# AntiDepressant Paxil Found To Be Not Safe For Teens



## WhatInThe (Sep 17, 2015)

The anti-depressant Paxil deemed to be not safe for teenagers. A questions and debates on this and other depressants/use since the early 2000s.

http://www.upi.com/Health_News/2015...ays-new-analysis-of-trial-data/2311442491698/

An early study saying it was safe has problems including the researchers having ties to the manufacturer. Study 329. Suicide and self harm risks/results were down played in the original studies along with just as good effectiveness with placebos.


----------



## Debby (Sep 19, 2015)

I took Paxil for a couple years but I can't say I ever felt any different from it (except for the dry mouth side effect) and finally weaned myself off it.  My daughter was on another one that was later found to cause some problems with pregnancy and her doctor assured her that it was no problem, entirely safe when she was pregnant.  She also finally weaned herself off it (same reason, ineffective) and the weaning process was really hard in her case.

Drug companies calculatingly cashing in on peoples desperation and suffering.  They should be ashamed.


----------



## QuickSilver (Sep 19, 2015)

The doc prescribed paxil for me after my husband died.  I took it for about 6 months but weaned myself off because I didn't like the side effects.  I'm normally a very even keel person with very few mood swings or ups and downs.


----------



## Don M. (Sep 19, 2015)

If the truth were known, many of the prescribed drugs are almost as dangerous as the illness they are "supposed" to be treating.  There has been an ongoing problem, for years, with doctors prescribing excess amounts of drugs primarily for the "Kickbacks" they get from the drug companies.  A web-site, ProPublica.org. has been tracking these Kickbacks, for years, and a patient would be well advised to key in their doctors name on this site, to see if they are being treated by such a doctor.  

Just listening to the possible side effects of these drugs, on the endless "Ask Your Doctor" tv ads, should be sufficient to raise a Red Flag in a patients mind.


----------



## QuickSilver (Sep 19, 2015)

I tend to disagree about the kickback thing.   One is lead to believe that huge sums of money are involved... That is not true.. I am familiar with that website Don..  Most of the "kickbacks" referred to could be a dinner meeting or some other item of low value.. like a coffee mug.   I have heard docs talk about this.


----------



## Don M. (Sep 19, 2015)

ProPublica is just one of many sources which are tracking this "relationship" between doctors and drug companies.  If you Google "doctors receiving kickbacks from the drug companies", you can find dozens of reports.  Where there is "smoke", there is usually "fire".  Here is a recent report that says the amount of kickbacks is now over 3.5 billion dollars.

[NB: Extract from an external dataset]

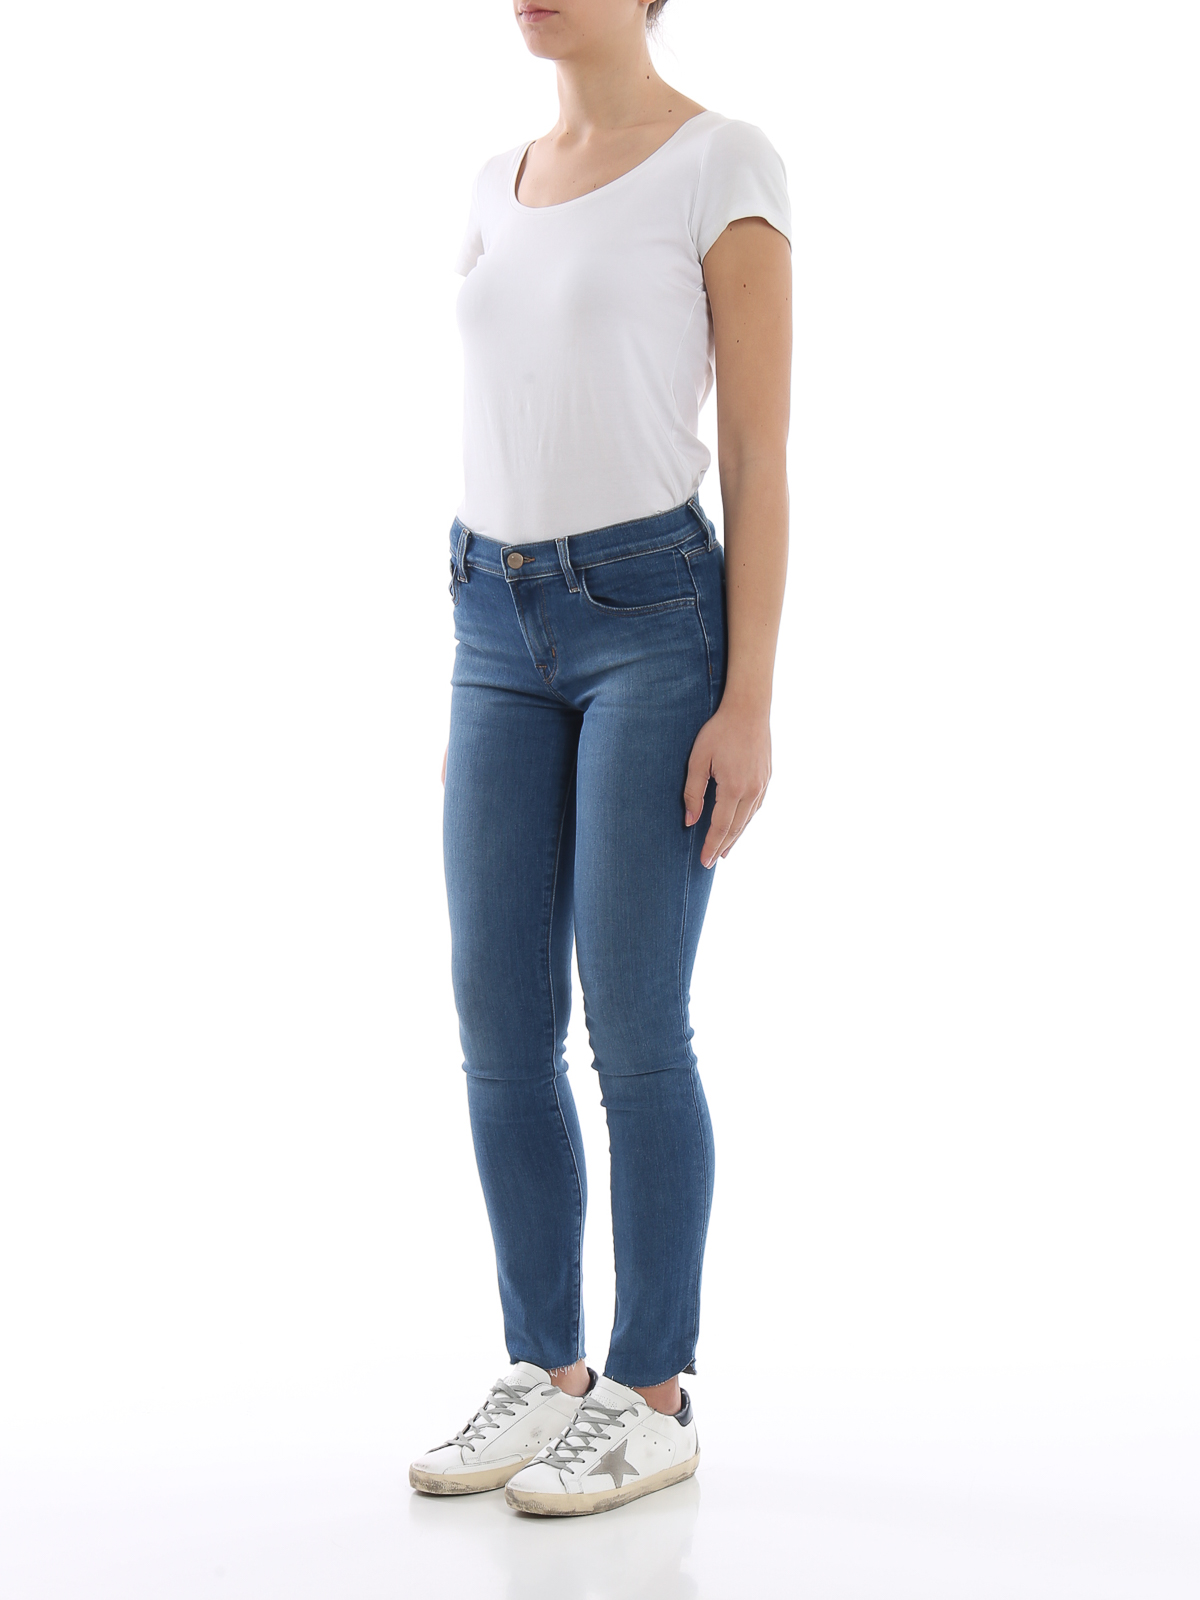 Bonde fortryde replika Skinny jeans J Brand - 811 skinny jeans - JB001757RADIATE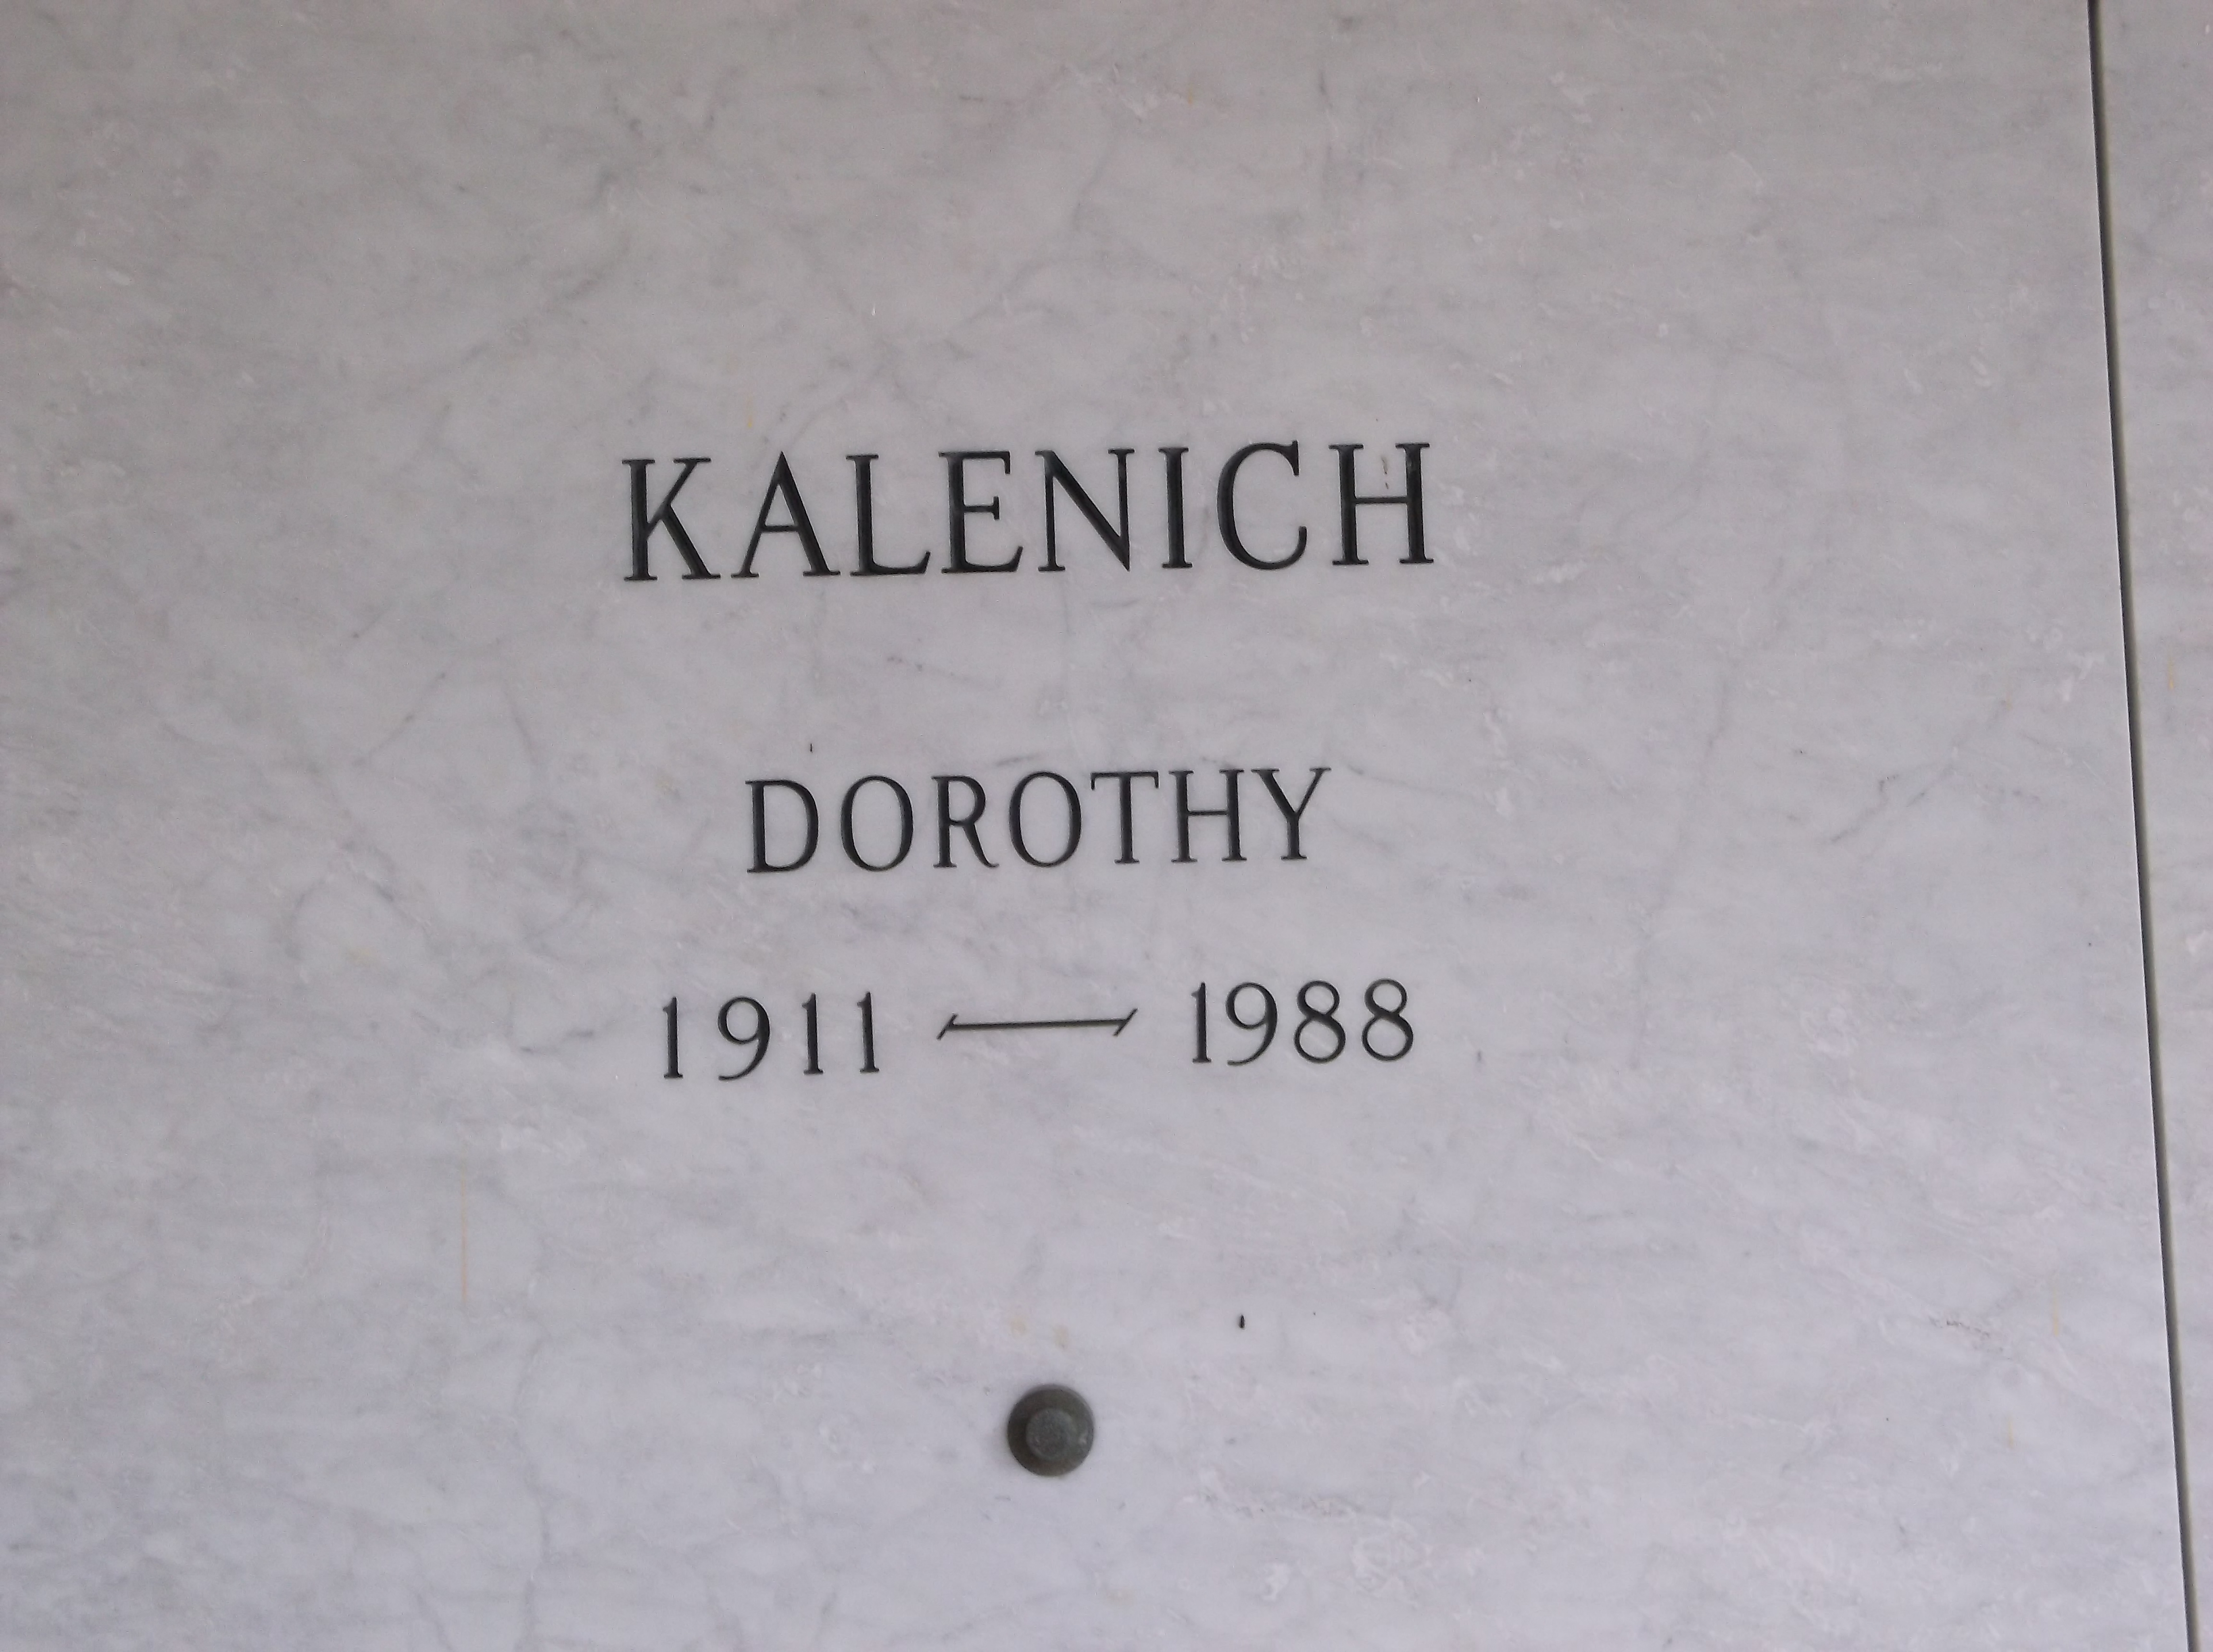 Dorothy Kalenich

http://healthimpactnews.com/2014/do...n-in-kickbacks-from-pharmaceutical-companies/ 

Our Health Care "Industry" is trying very hard to keep this information quiet, but slowly the facts are coming to light.  Health Care in this nation is more about the "Profits" than quality patient care.


----------



## QuickSilver (Sep 19, 2015)

Don... very few docs on any of those sites have taken huge sums of money... or even ANY money.. what they have taken is dinners, promotional items, trips to seminars.. etc...  that stuff adds up.  It's not like drug companies are writing huge checks to Dr. Brown to prescribe their medications..  I'm not saying it hasn't every happened... with I'm saying is that those sites are trying to skew what is actually happening.


----------



## WhatInThe (Sep 20, 2015)

It seems many dangerous side effects of several drugs are downplayed for a decade or two then the medical community "acknowledges" a recent study they're not that good for you and stop or greatly reduce prescribing. In other words by the time they "acknowledge" adverse affects enough have stopped or limited prescribing already lessening liability. It's sort of like hiding news by releasing it on Friday afternoon. The Paxil study goes back into the 1990s, 20 years later they use some of the same data to say it's bad???


----------



## fureverywhere (Sep 20, 2015)

The problem too can be physicians giving out meds and not monitoring patients closely afterwards. One of my kids had a reaction to her psych meds. When I called the doctor they refused to see her until her next scheduled appointment. I ended up taking her to the ER and finding a different doctor.


----------



## QuickSilver (Sep 20, 2015)

On the other hand there are patients who simply refuse to take their medications as directed.  I know so many that believe they can self dose their medicines according to how they "feel".   Thyroid medication is a big one for that abuse so are antidepressants.    You cannot blame a doc for this.


----------



## SifuPhil (Sep 20, 2015)

It's a shame that the Big Pharma machine feels the need to expand their customer base by targeting teens and pre-teens. Why do kids all of a sudden need these meds?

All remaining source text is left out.